Epistle of Paschal Vigil

Colossians 3:1-4

Brethren, if you be risen with Christ, seek the things that are above, where Christ is sitting at the right hand of God: mind the things that are above, not the things that are upon the earth. For you are dead, and your life is hid with Christ in God. When Christ should appear, who is your life, then you also shall appear with Him in glory.

Haydock

Verse 1. Here begins the second or the moral part of this epistle. — If you be risen, &c. The remaining part of this epistle has no great difficulties, but excellent instructions, as that to the Ephesians.

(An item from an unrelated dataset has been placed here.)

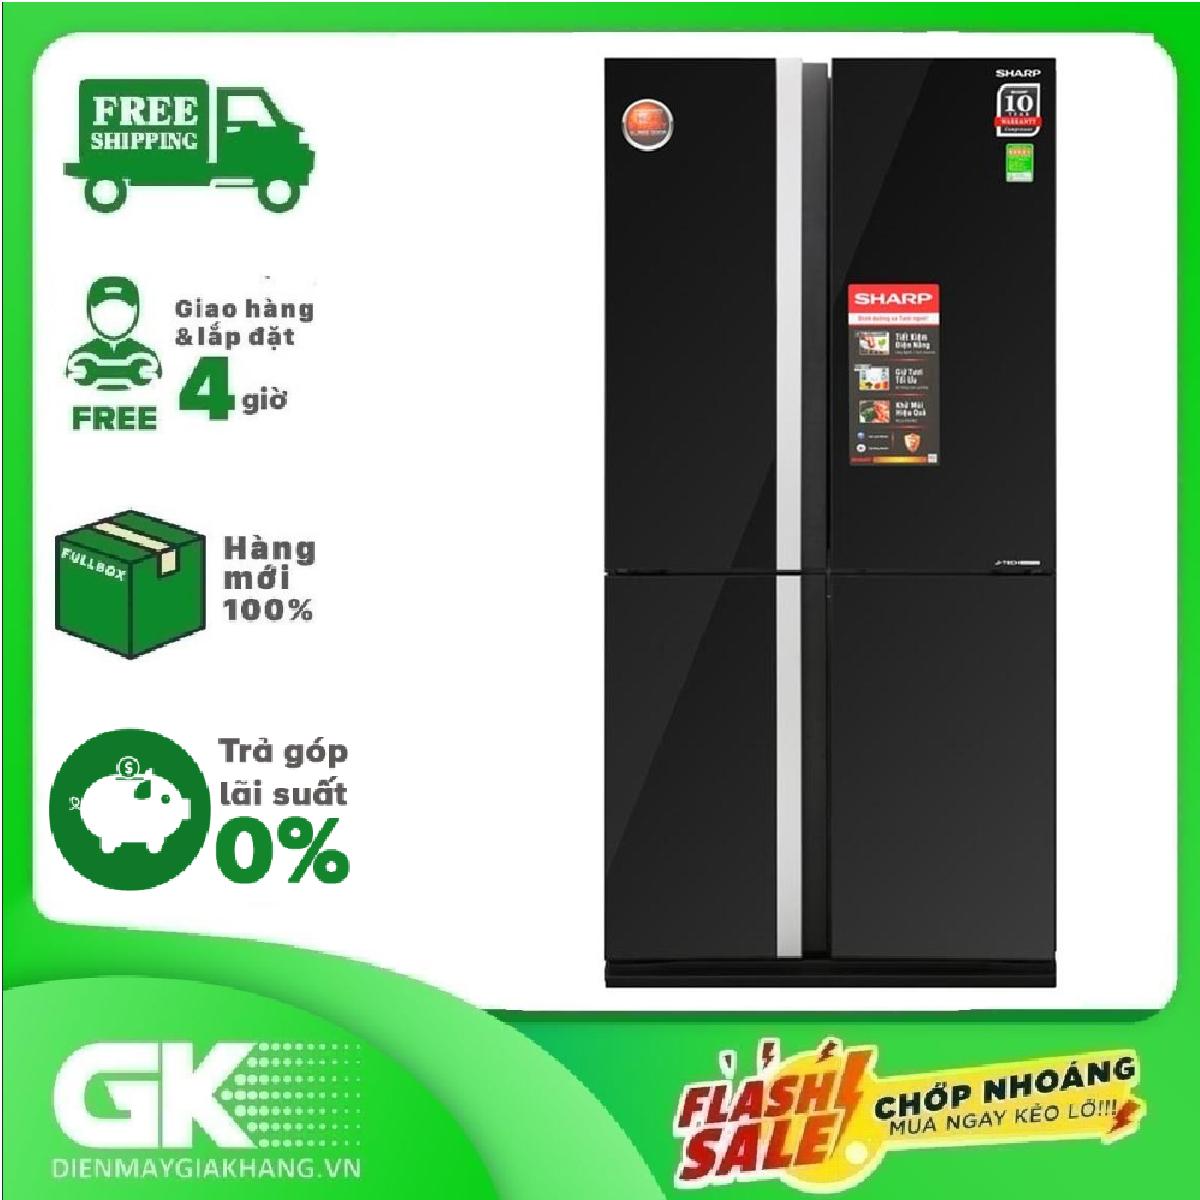 TRẢ GÓP 0% – Tủ lạnh Sharp Inverter 605 lít SJ-FX688VG-BK Mẫu 2019- Bảo hành 12 tháng

Wi.

Denzinger

2224: Christian Education

From the Encyclical, "Divini illius magistri," December 31, 1929

Christian education aims properly and immediately to make man a true and perfect Christian by cooperating with divine grace, namely, to mold and fashion Christ Himself in those who have been reborn in baptism, according to the clear statement of the Apostle: “My little children of whom I am in labor again, until Christ be formed in you” [Gal. 4:19]. For, the true Christian must live a supernatural life in Christ: “Christ our life” [Col. 3:4], and manifest the same in all his actions, “that the life of Jesus may be made manifest in our mortal flesh” [2 Cor. 4:11].

Since this is so, Christian education embraces the sum total of human actions, because it pertains to the workings of the senses and of the spirit, to the intellect and to morals, to individuals, to domestic and civil society, not indeed, to weaken it, but according to the example and teaching of Jesus Christ, to elevate, regulate, and perfect it.

Thus the true Christian, molded by Christian education, is none other than the supernatural man who thinks, judges, and acts constantly and consistently in accordance with right reason; supernaturally inspired by the examples and teachings of Jesus Christ; that is, a man outstanding in force of character. For whoever follows his own inclination and acts stubbornly, intent on his own desires, is not a man of strong character; but only he who follows the eternal principles of justice, just as even the pagan host himself recognizes when he praises “the just” man together with “the man tenacious of purpose”;* but these ideas of justice cannot be fully observed unless there is attributed to God whatever is God’s due, as is done by the true Christian.

The true Christian, far from renouncing the activities of this life and from suppressing his natural talents, on the contrary fosters and brings them to perfection by so cooperating with the supernatural life that he embellishes the natural way of living, and supports it by more efficacious aids, which are in accord not only with spiritual and eternal things but also with the necessities of natural life itself.